Before he met Natalie, Adam had spent weekday evenings quietly at home, grading papers and planning the next day’s lessons. An eventful night might involve attending one of the school sporting events or chaperoning a dance. Natalie, meanwhile, took business associates out for drinks, hosted dinner parties, or attended social events where she would be likely to brush shoulders with the “right people,” as she called them. To please her, and because he loved her and wanted to be with her, Adam became her willing escort. He was proud of her beauty and the ease with which she could charm even the most reserved or withdrawn. If the conversations at these gatherings tended toward the trivial, the irrelevant, the shallow, he could ignore that for her sake. As Natalie said, such socializing was important for her career, and if rising in her company would make her happy, Adam wanted to help in any way he could.

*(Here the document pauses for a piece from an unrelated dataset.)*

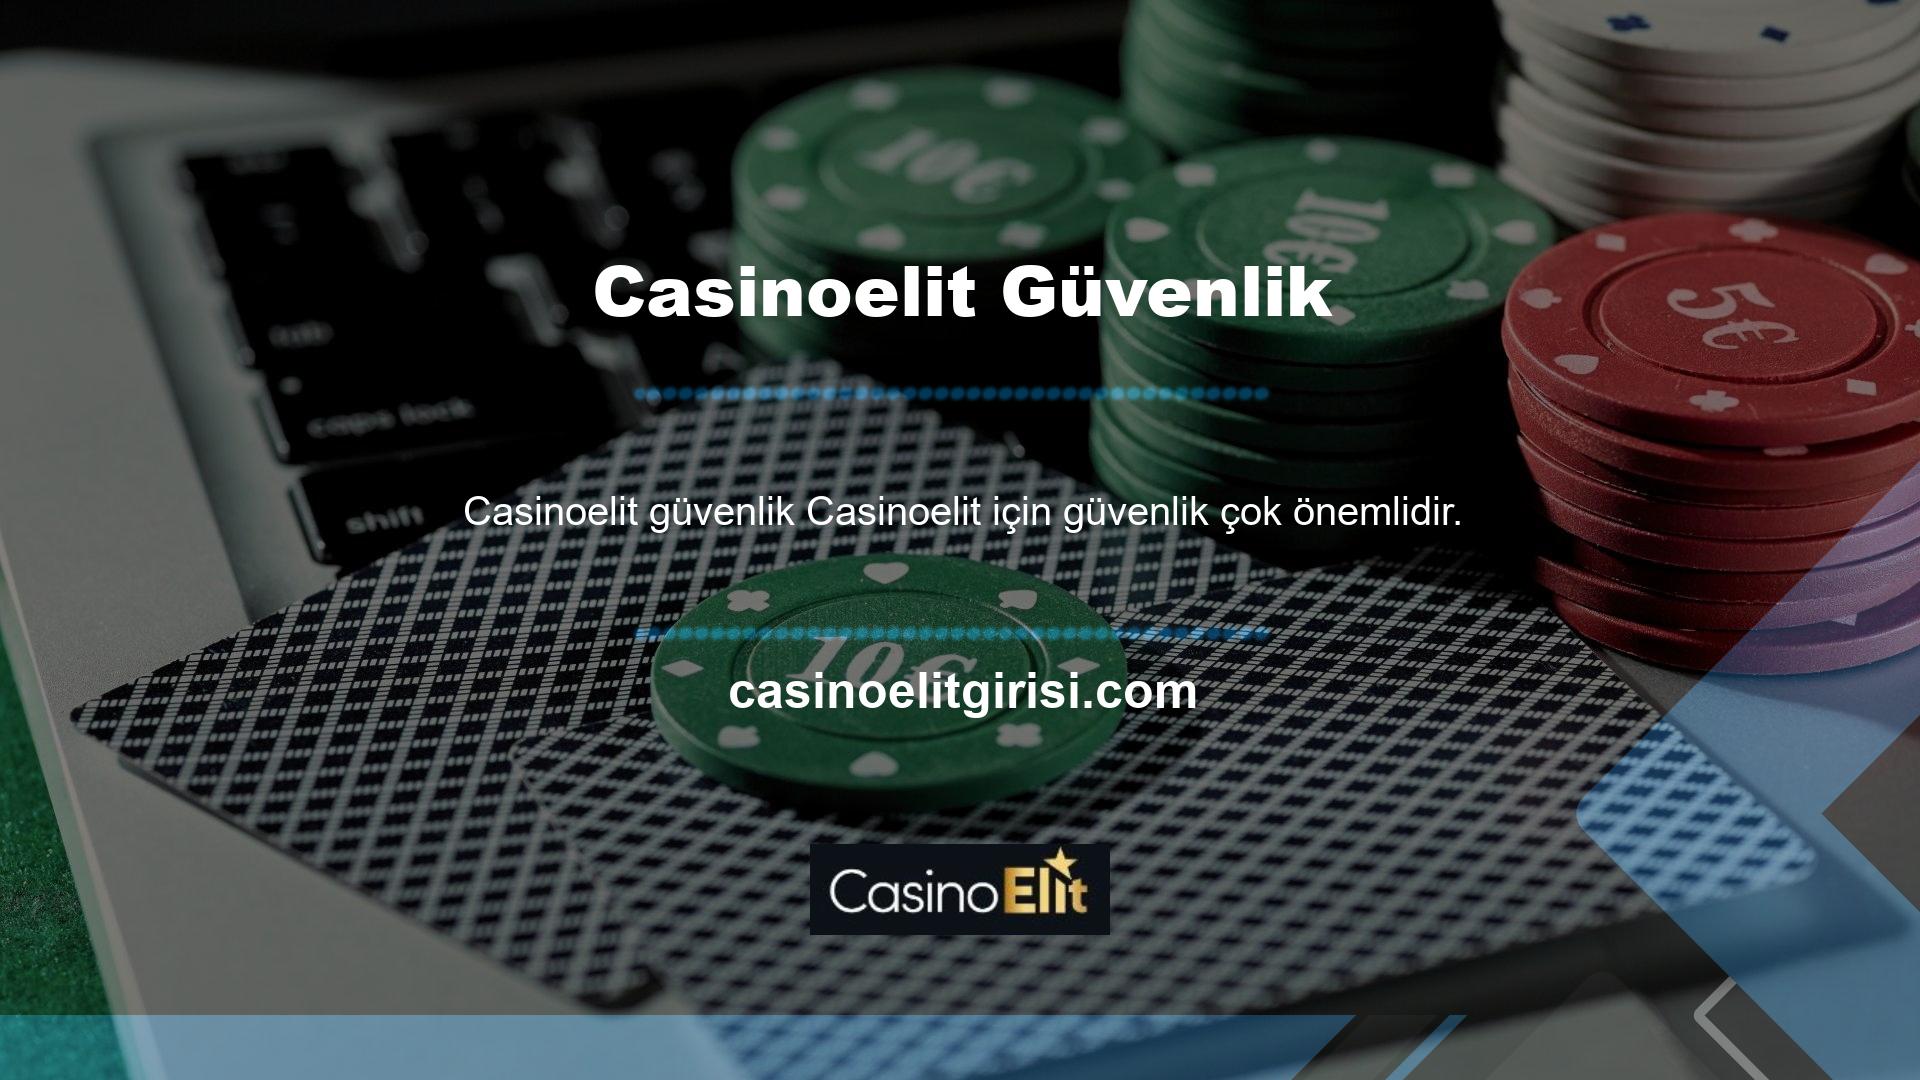 Casinoelit yönetimi her zaman kullanıcıları için rahat bir Casinoelit güvenlik ortamı yaratmayı istemiştir

He knew his friends thought them an unlikely pair. In the past Adam had always dated women who had chosen the helping professions, women with a strong sense of social justice and commitment to social change—women more like himself. Natalie’s beauty they understood well enough, but not her craving for material signs of status and wealth. Still, they were his friends and accepted his choices and always treated Natalie courteously enough. They did not know how Natalie picked them apart behind their backs, criticizing their clothing, their cars, what she called their appalling lack of ambition. Only Adam’s former college roommate, a gentle man who had become a Benedictine monk, cautioned him against rushing into a lifetime commitment. “Don’t lose sight of who you really are,” John advised, and said nothing more on the subject.
But John’s words stayed with Adam, and he began to reflect on what he became when he was with Natalie. He felt as if he were playing a role to please her, setting aside everything that truly mattered to him. He didn’t like what that said about him, especially since compartmentalizing his life like that contradicted every value he tried to instill in his students.